Generally the plays nutrition a very big role for the health. So you know that the polyunsaturated fatty acid arachidonic acid Promotes inflammation in the joints. This fatty acid is mainly present in (pork) meat. In high-fat cold-water fish, linseed and rapeseed oil, however, is plentiful Omega-3 fatty acid, This also unsaturated fatty acid can inhibit inflammation. Bechterew’s disease is therefore recommended for a low-meat diet rich in fruits, vegetables, fish, vegetable fats and reduced-fat dairy products.
The right nutrition is – along with regular exercise – also important for a healthy body weight.
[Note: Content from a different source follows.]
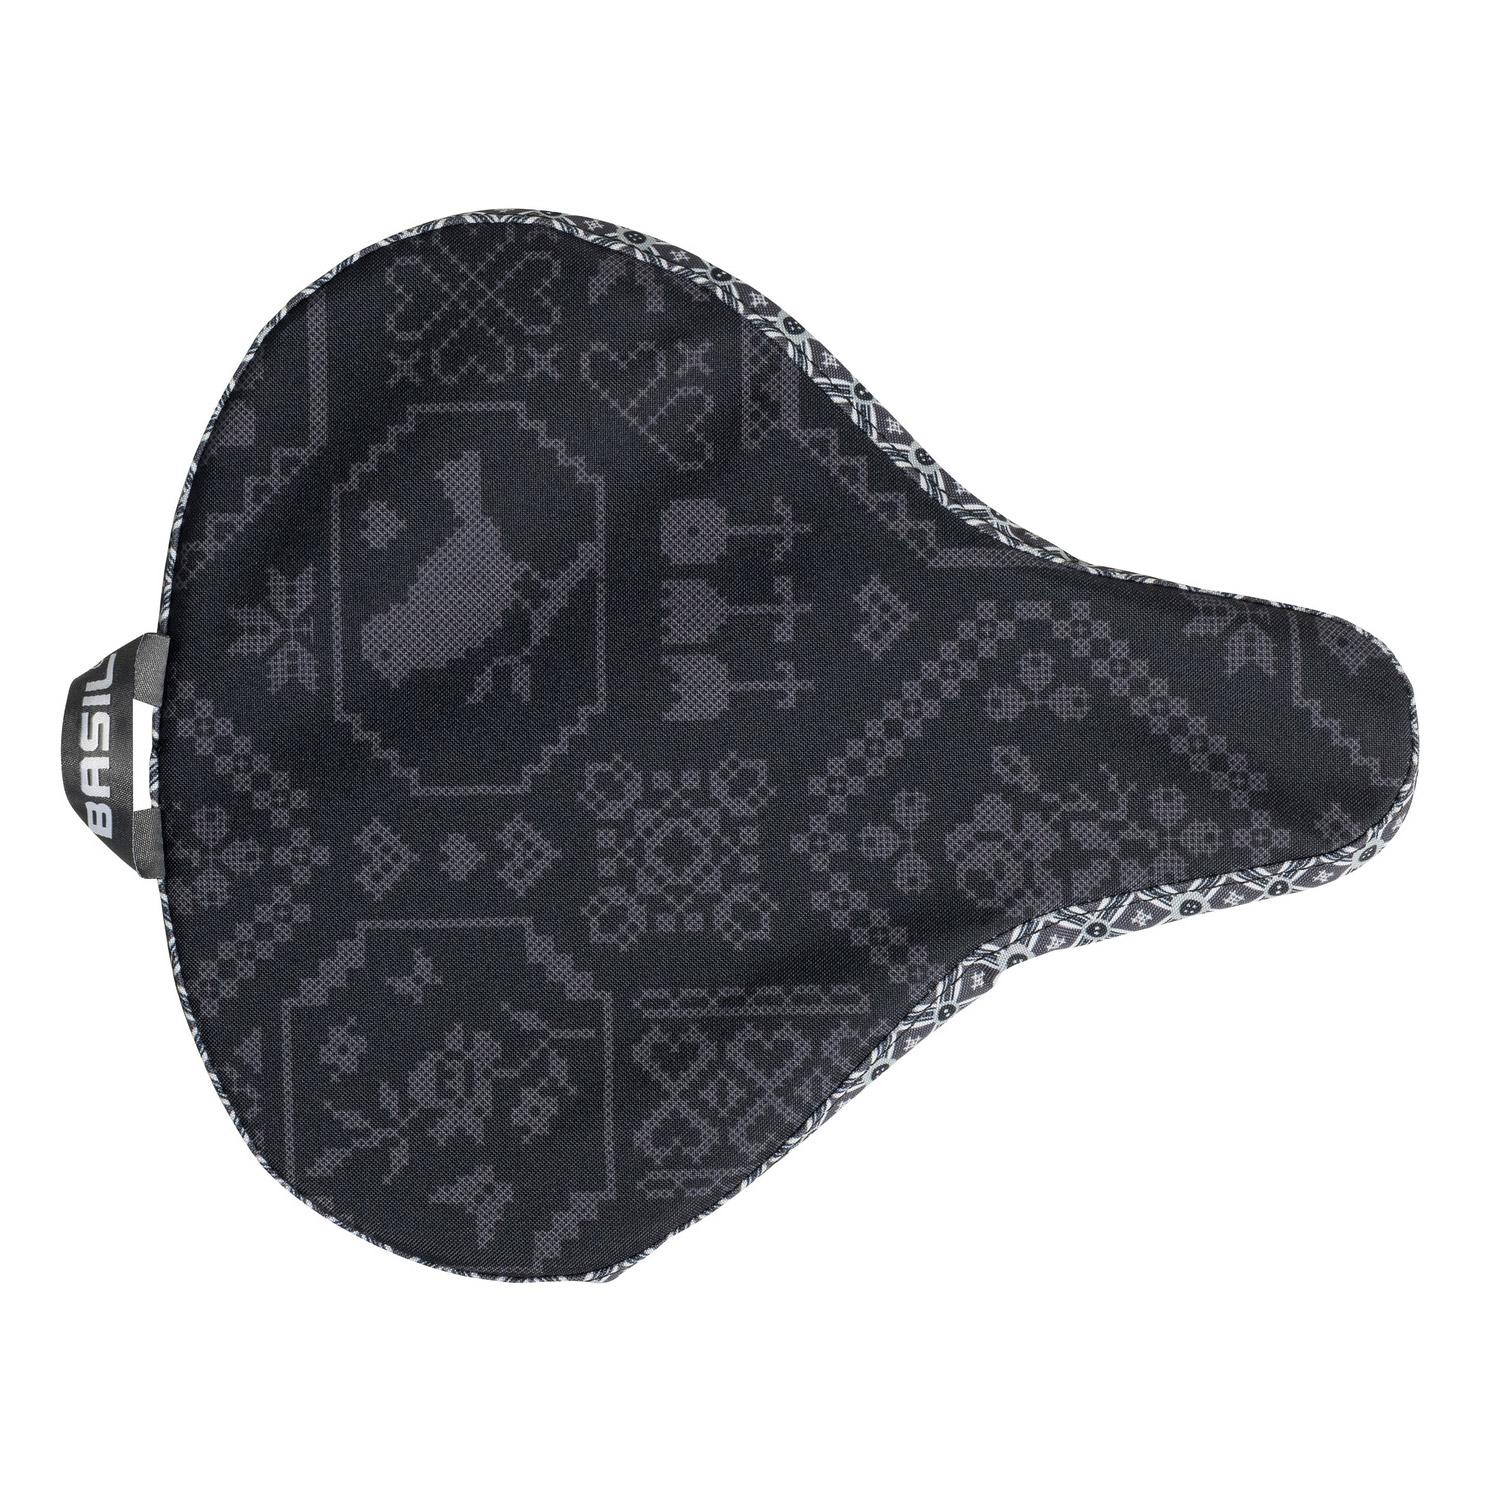 basil boheme city bag lenkertasche klickfix 7l charcoal ebay. Black Bedroom Furniture Sets. Home Design Ideas

Especially overweight is not advisable: With too many fat pads, it is harder to maintain an upright posture and to move sufficiently.
Talk to your doctor about how your diet should look best. The right diet can effectively support the ankylosing spondylitis treatment.
Other therapeutic measures
Warmth treatments, massages and specific gym exercises are very useful for ankylosing spondylitis: they help maintain posture and flexibility, stretch shortened muscles and strengthen weak ones. Regular physiotherapy can also delay spinal fusion and reduce pain.
In everyday life, you should avoid activities that require you to bend far forward. It is ideal if you (have to) get up regularly. When working at the desk or driving a wedge-shaped seat cushion can be helpful: it prevents the pelvis from tipping backwards. So you sit automatically upright.
Make sure the mattress of your bed is firm and does not sag. The pillow should be as flat as possible and keep the head straight. A mulching pillow can prevent the head from tipping over on the neck.
Ankylosing spondylitis: history and prognosis
Bechterew’s disease is a long-term (chronic) disease that occurs in spurts. This means that the symptoms (pain and stiffness) suddenly become stronger within a few weeks. After that, it usually comes to a slight recovery, to an almost symptom-free interval. It can take a different amount of time before the next disease episode arrives.
People with M. Bechterew should go to regular check-ups. The doctor examines the mobility of the spine, the pelvis and the large joints on the arms and legs. Also, vision and heart function (ECG, ultrasound) should be checked regularly.
Ankylosing spondylitis is not curable. All therapeutic approaches can only slow down the progression of the disease and relieve the symptoms. Mortality is not affected by ankylosing spondylitis: The life expectancy of patients is the same as in the population average.
Additional information:
Books:
- Ankylosing spondylitis, inflammatory spinal rheumatism (Paul Schmied and Heinz Baumberger, Urban & Fischer Verlag, 1998)
guidelines:
- Guideline “Axial Spondyloarthritis including Ankylosing Spondylitis and Premature Disease” of the German Society of Rheumatology (2013)
Support Groups:
- German Association Morbus Bechterew e.V.